We have released an additional set of Whole-Genome Sequencing (WGS) data, levels 2-3 (CRAM and VCF), for 475 Participants.
This brings the total number of participants with WGS data to 866!

NOTE: Level 1 data for WGS (raw FASTQs) have been moved from general access and are available by special request.
Please contact us if you require this data.

Data Replacement: WGS ExpansionHunter VCFs (files ending in “eh.vcf”) have been re-run and standardized using Illumina’s Version 2.5.5 software.

The data portal has a new landing page and release notes tab.

We have added the following Transcriptomics data:

  • 86 Indexed BAM files
  • 86 Counts files

We have now released 391 WGS Samples, 85 Epigenomics samples (FASTQ, BAM, Peaks), and 86 Transcriptomics samples (FASTQ, BAM).

Full release metadata package:

  • We’ve added complete Clinical metadata, Participant/Inventory metadata and Portal metadata.
  • All metadata tables are keyed by “Participant_ID” (CASE/CONTROL + GUID) to allow for easy joining of tables.

We have removed NeuroLINCS data and the “Analyze” tab that previously used this data.

Users are now alerted to the size of data within the download script.

Sex Effects in RNA-Seq data:

  • The standard step after obtaining level 3 data (Counts) is statistical inference of systematic changes between conditions (e.g ALS and CTR) by modeling gene expression data with a binary variable with two levels (design ~condition, condition =0 for CTR, 1 for ALS). In the presence of confounding factors a more complex design (e.g. design~batch + condition) may be needed to exact the disease relevant signal while controlling for the confounders.
  • In this data release, one of the dominating contributors to the gene expression changes observed in our initial principal component (PCA) analysis is the inherent sex effect.
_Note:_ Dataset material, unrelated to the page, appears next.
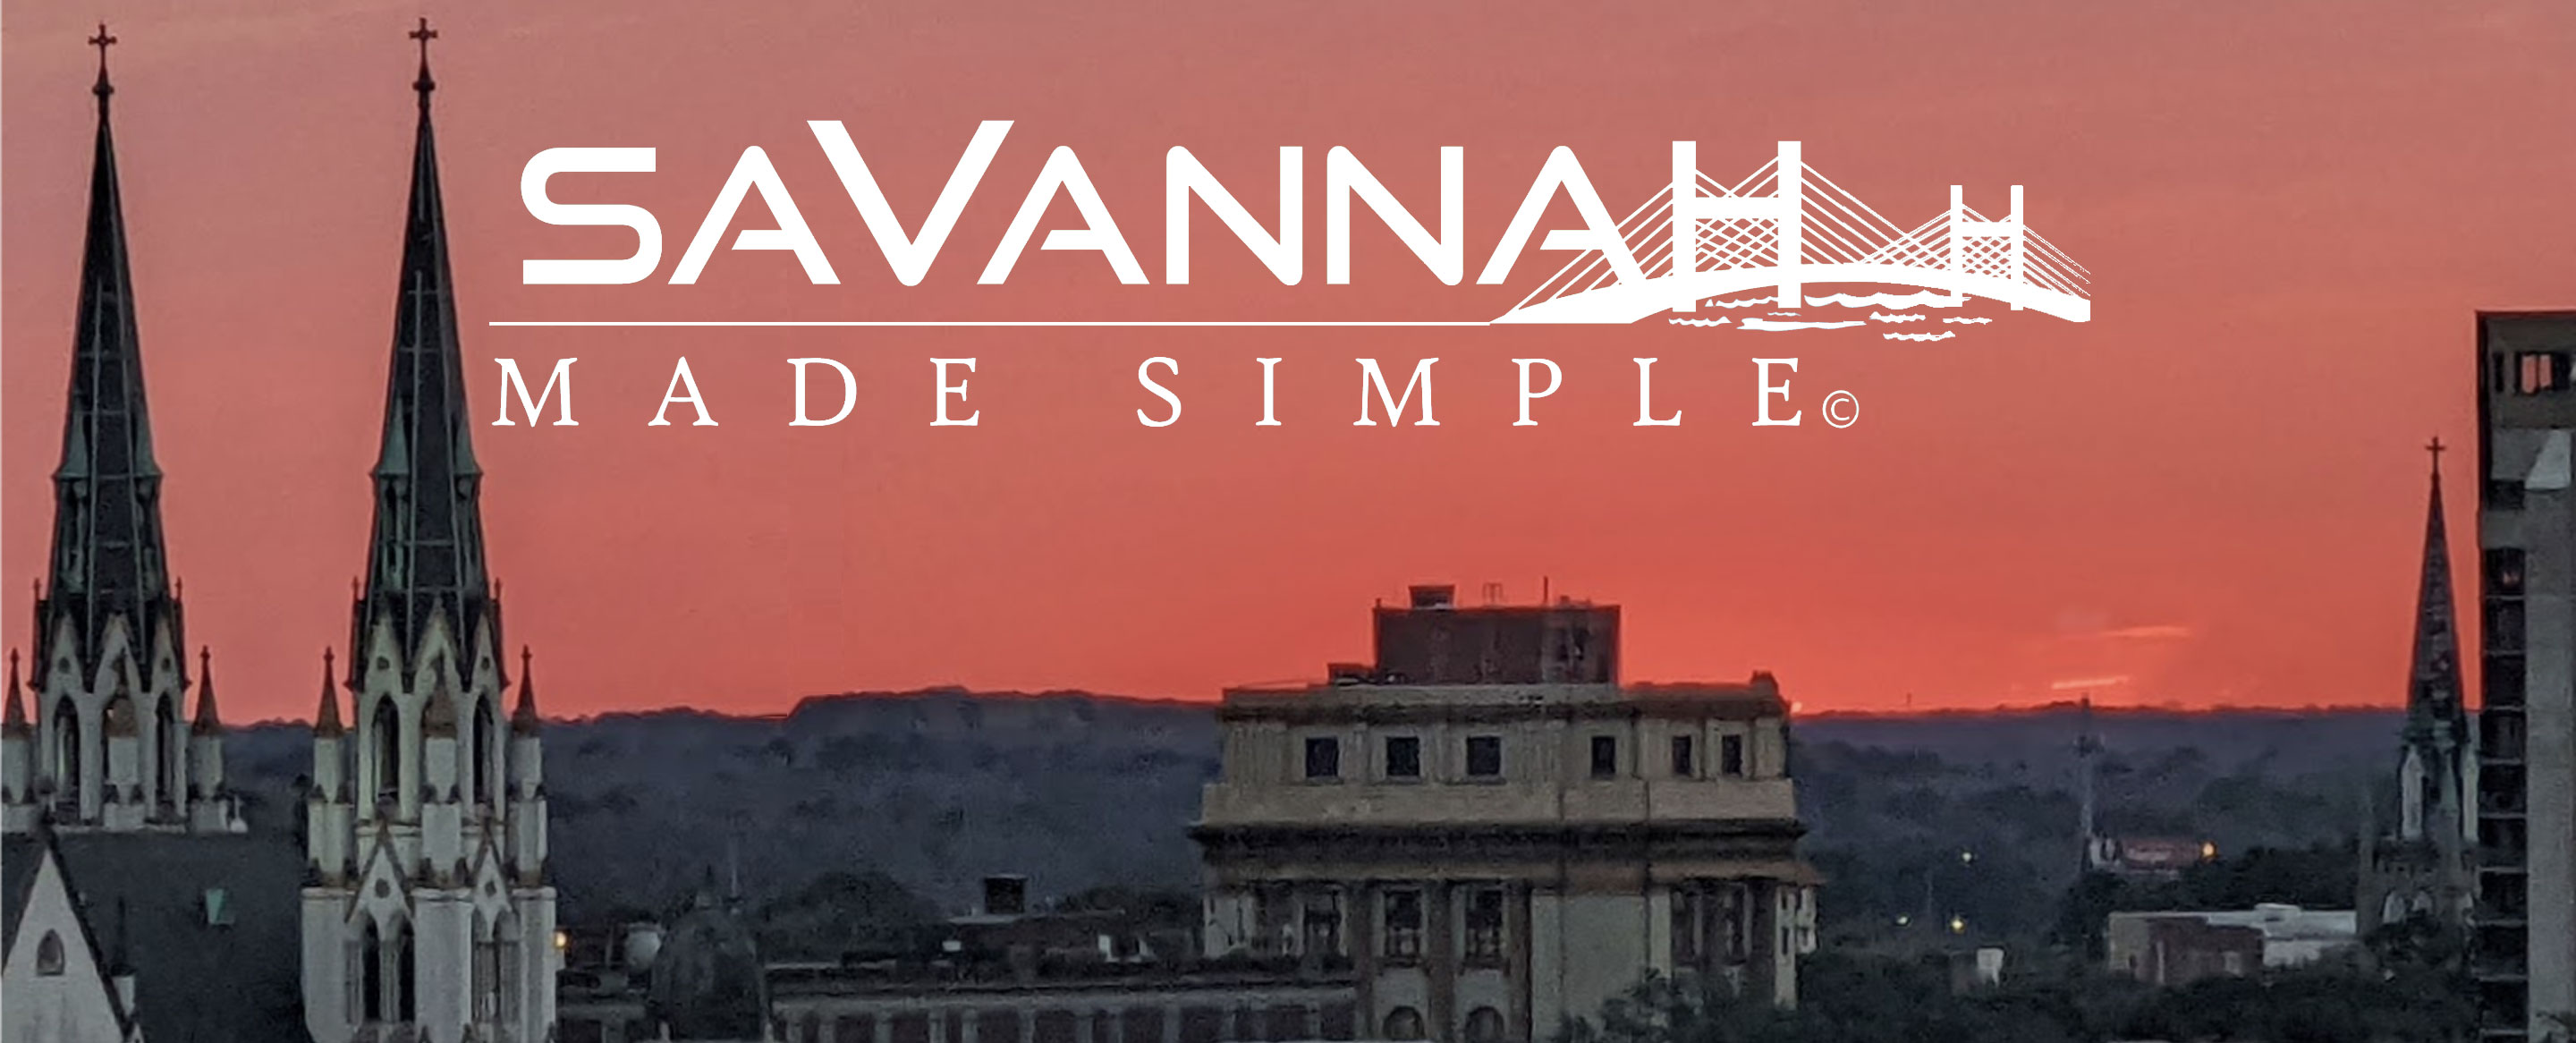 savannah-made-simple

Genes that contribute to the sex effect include both sex chromosome linked genes and autosomal genes. This gender specific gene expression has also been reported in post mortem human brains, as well as IPSCs. In order to extract disease relevant signal, we recommend controlling sex effect for your downstream analysis. For example, excluding chrX, chrY linked genes and adding an additional binary variable to the design account for sex effect.